(EXERCISE DATA)

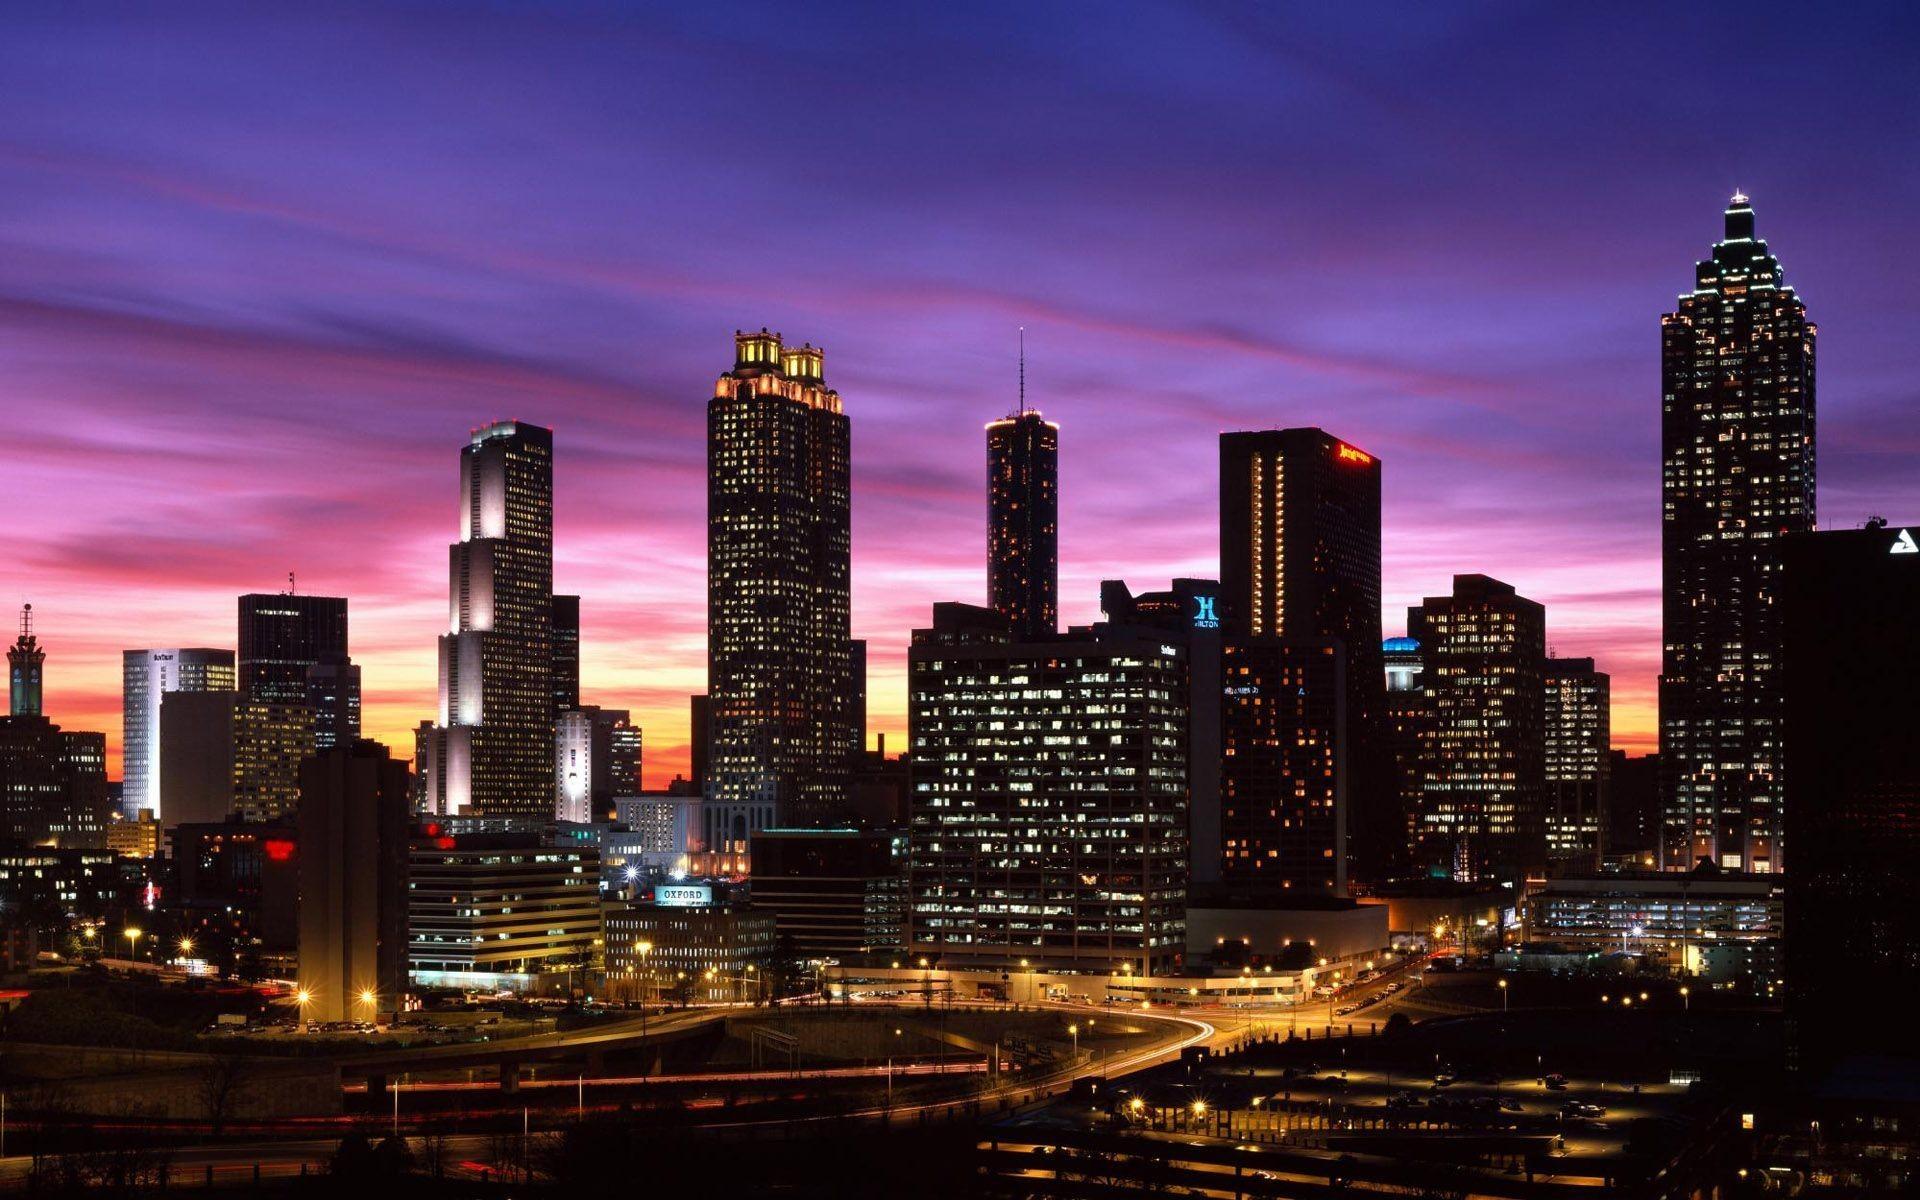 Night City Wallpaper | Landscape Wallpapers | Pinterest | Wallpaper and Hd  wallpaper
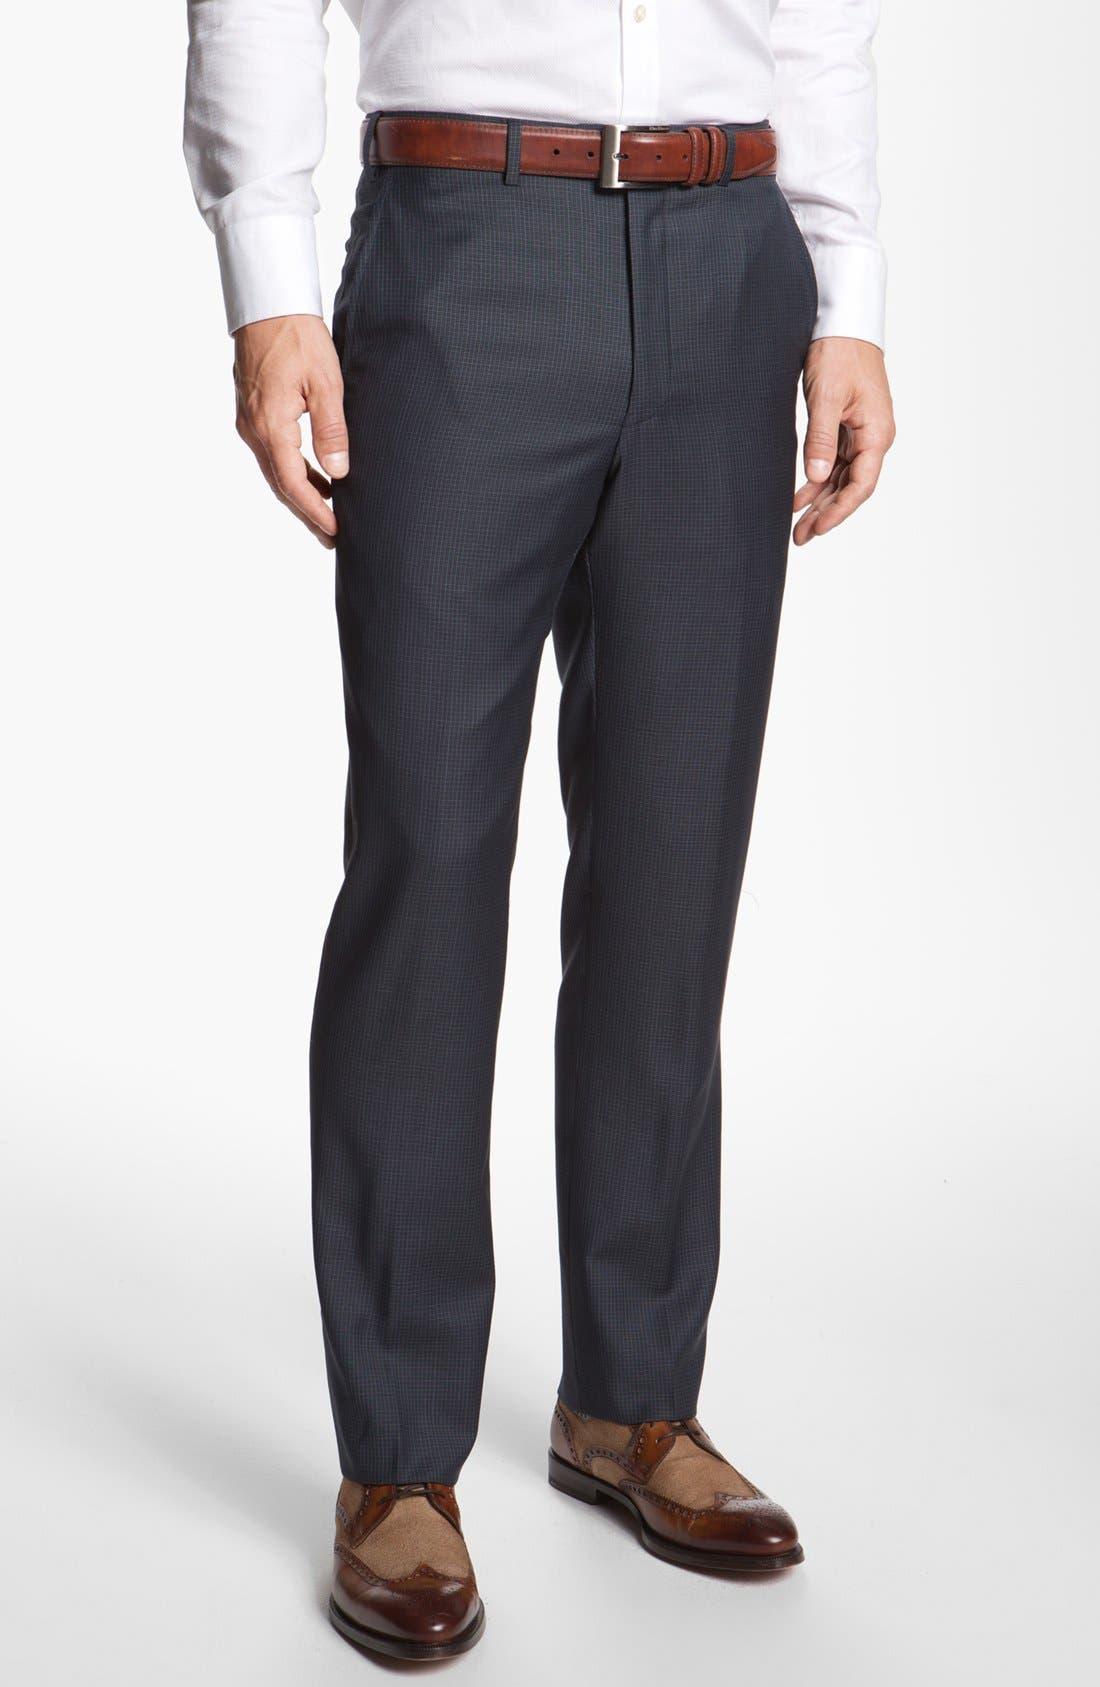 Main Image - Santorelli Flat Front Trousers
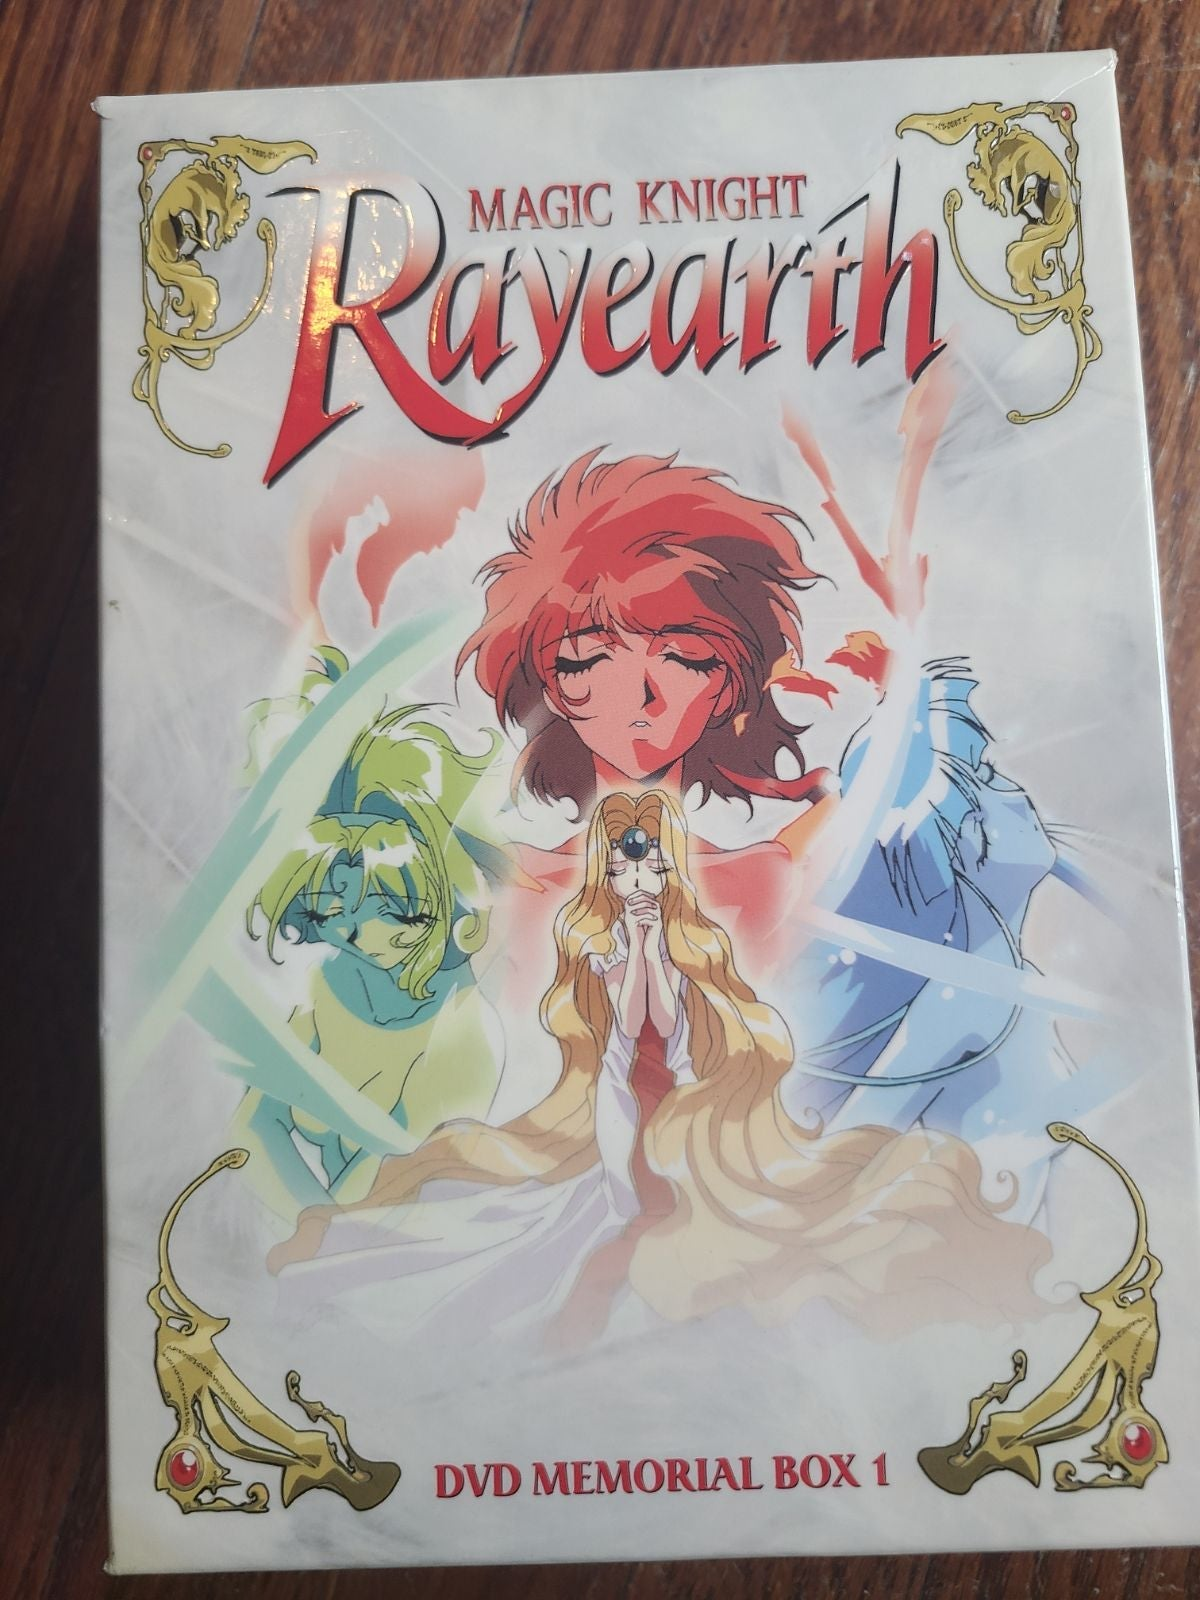 Magic Knight Rayearth DVD Box 1

(End EXERCISE DATA)

Send back the listing exactly as it stands. Do not include the pictures.

§ YOUR RESPONSE:
 Night City Wallpaper | Landscape Wallpapers | Pinterest | Wallpaper and Hd  wallpaper
 Main Image - Santorelli Flat Front Trousers
 Magic Knight Rayearth DVD Box 1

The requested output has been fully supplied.